Janssen’s Imbruvica (ibrutinib), the once-daily oral Bruton’s tyrosine kinase (BTK) inhibitor, has been approved in Europe as a treatment for two blood cancers.
The drug has been ratified by the European Commission for the treatment of adult patients with relapsed or refractory mantle cell lymphoma, or chronic lymphocytic leukemia. The therapy functions block BTK, a protein that helps cancer cells to develop.
Mantle cell lymphoma (MCL) is a cancer and one of the rarest of the non-Hodgkin’s lymphomas. There are only about 15,000 patients presently in Europe. MCL is difficult to treat and seldom considered cured. Chronic lymphocytic leukaemia is the most common leukemia in adults, it is a cancer of white blood cells.

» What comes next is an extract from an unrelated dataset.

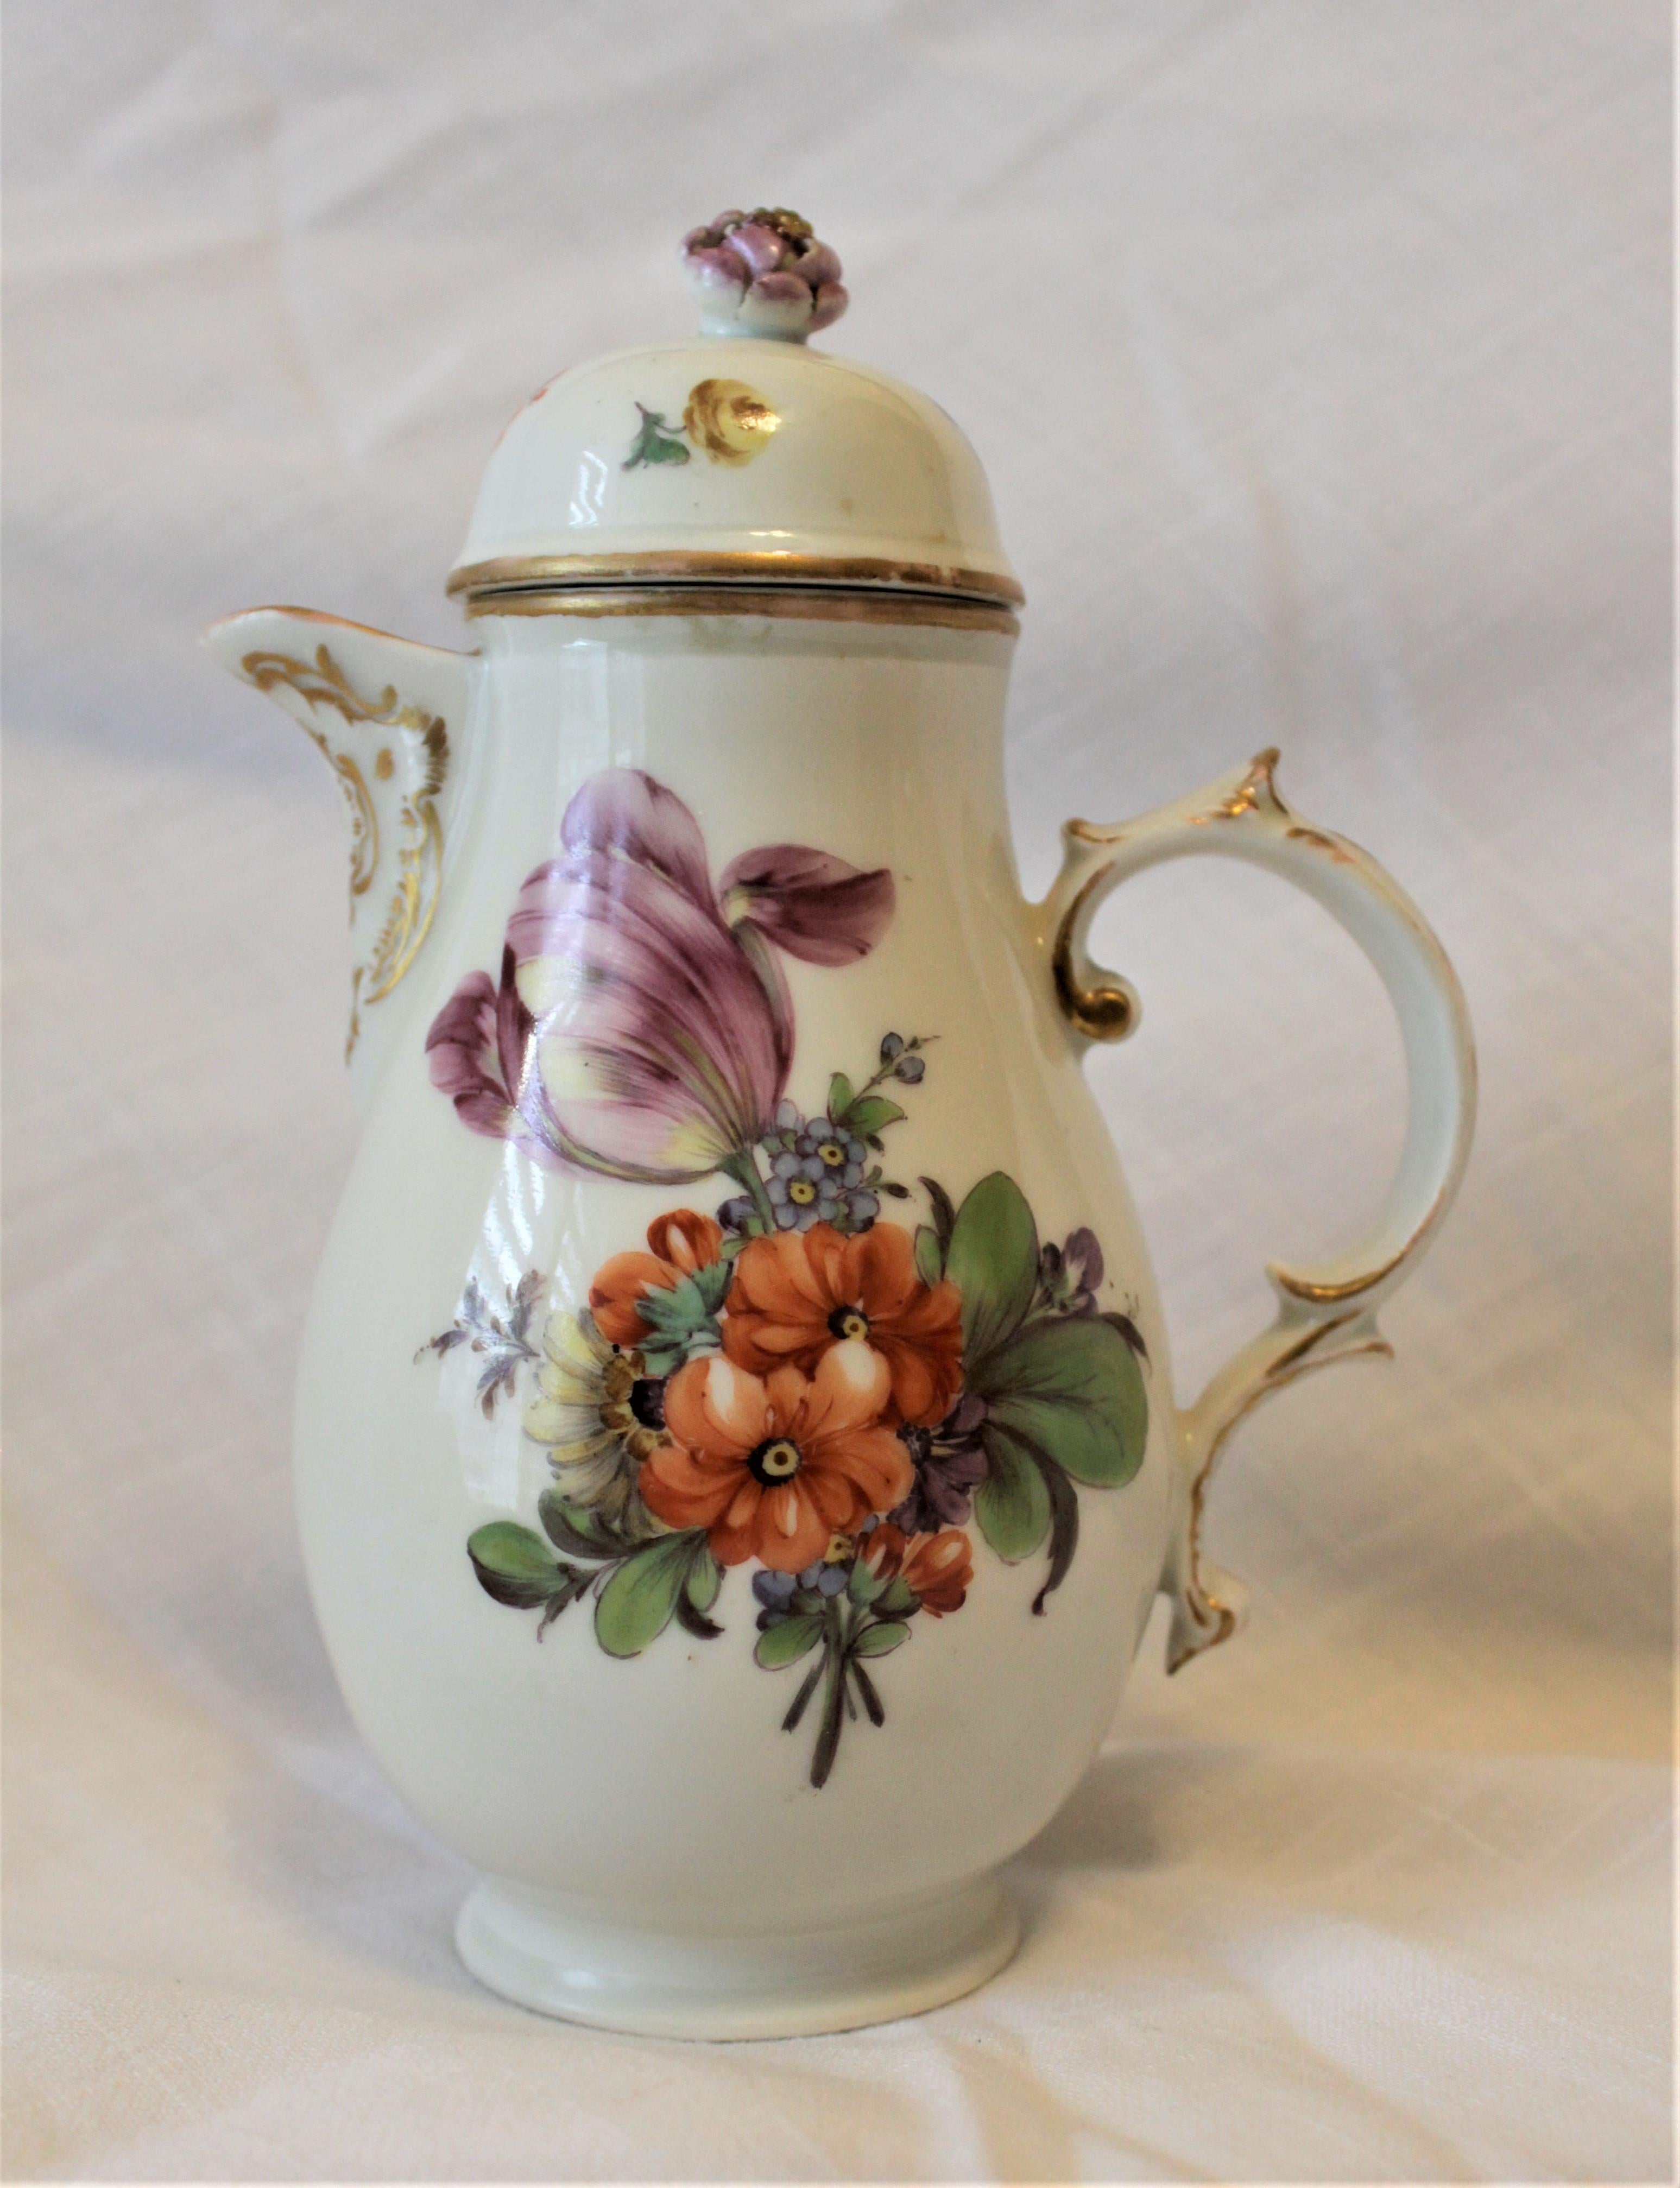 This antique German porcelain coffee pot was made by the Furstenberg Works factory in circa 1760 in the period Rococo style. This coffee pot is decorated with hand painted flowers in vibrant colors on the sides which is accented with fire gilt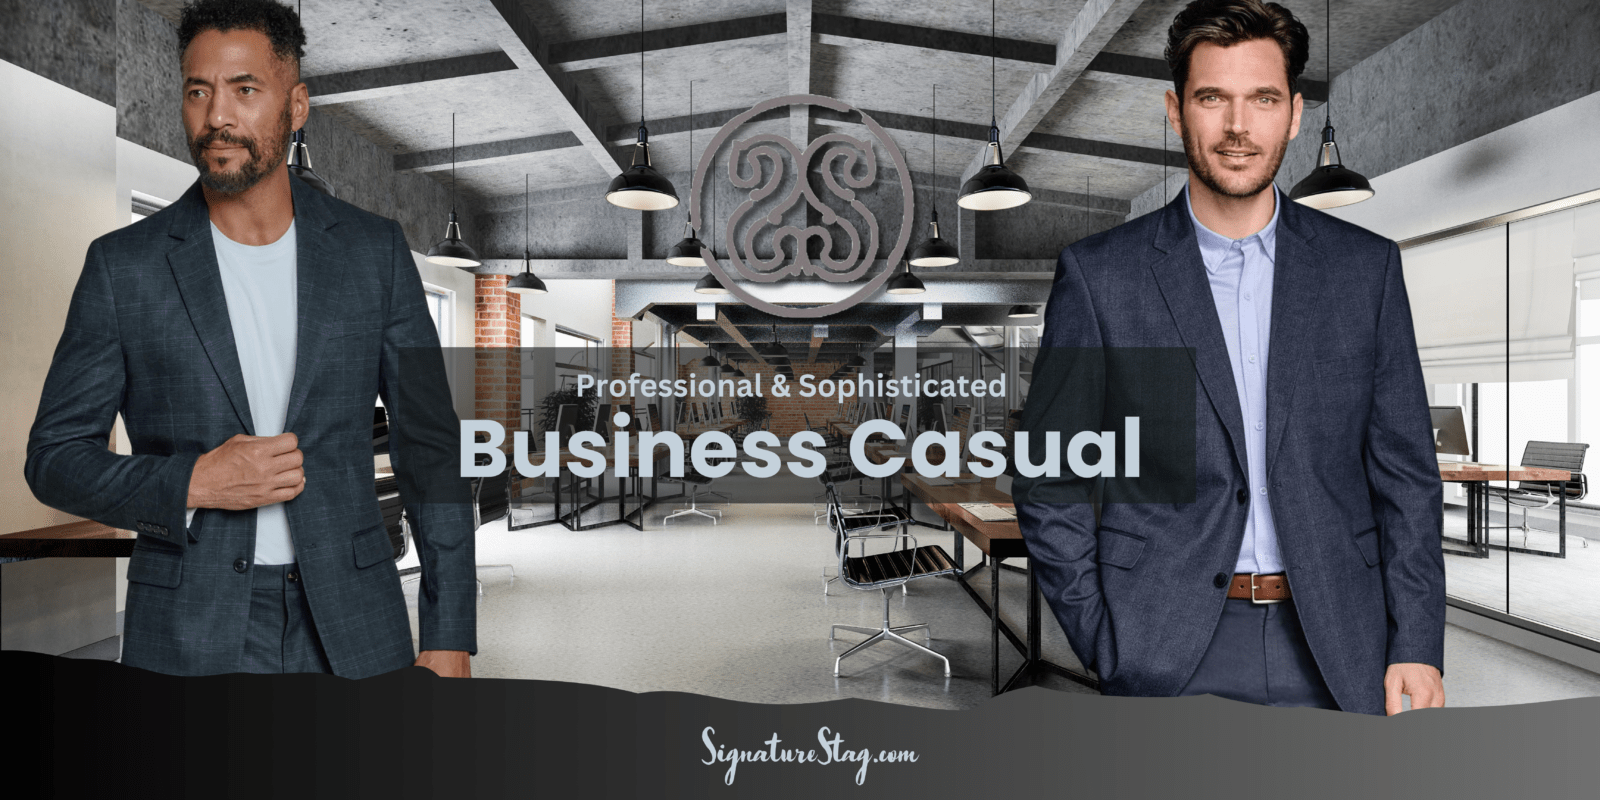 Men'Business Casual Clothing Stores in Lubbock TX and Midland TX. Business casual attire is broadly defined as a code of dress that blends traditional business wear with a more relaxed style.

Imbruvica is indicated for people who have received at least one prior therapy, or for the first-line treatment in the presence of a specific mutation for patients unsuitable for chemo-immunotherapy.
The decision follows a positive opinion from the Committee for Medicinal Products for Human Use and will see the drug become available in these new indications in all 28 EU countries.
“We are very pleased that patients with CLL and relapsed or refractory MCL in the European Union will have a first-in-class, oral, single-agent, non-chemotherapy treatment option in IMBRUVICA,” said Bob Duggan, Chairman & CEO of Pharmacyclics. “This approval underscores the compelling safety and efficacy benefits of IMBRUVICA, including statistically significant improvement in overall survival and progression-free survival in CLL and the overall robustness of the data in MCL.”
IMBRUVICA is being jointly developed and commercialized in the U.S. by Pharmacyclics and Janssen Biotech. Janssen affiliates will hold the marketing authorization and will market IMBRUVICA in EMEA (Europe, Middle East, Africa), as well as the rest of the world, outside the U.S.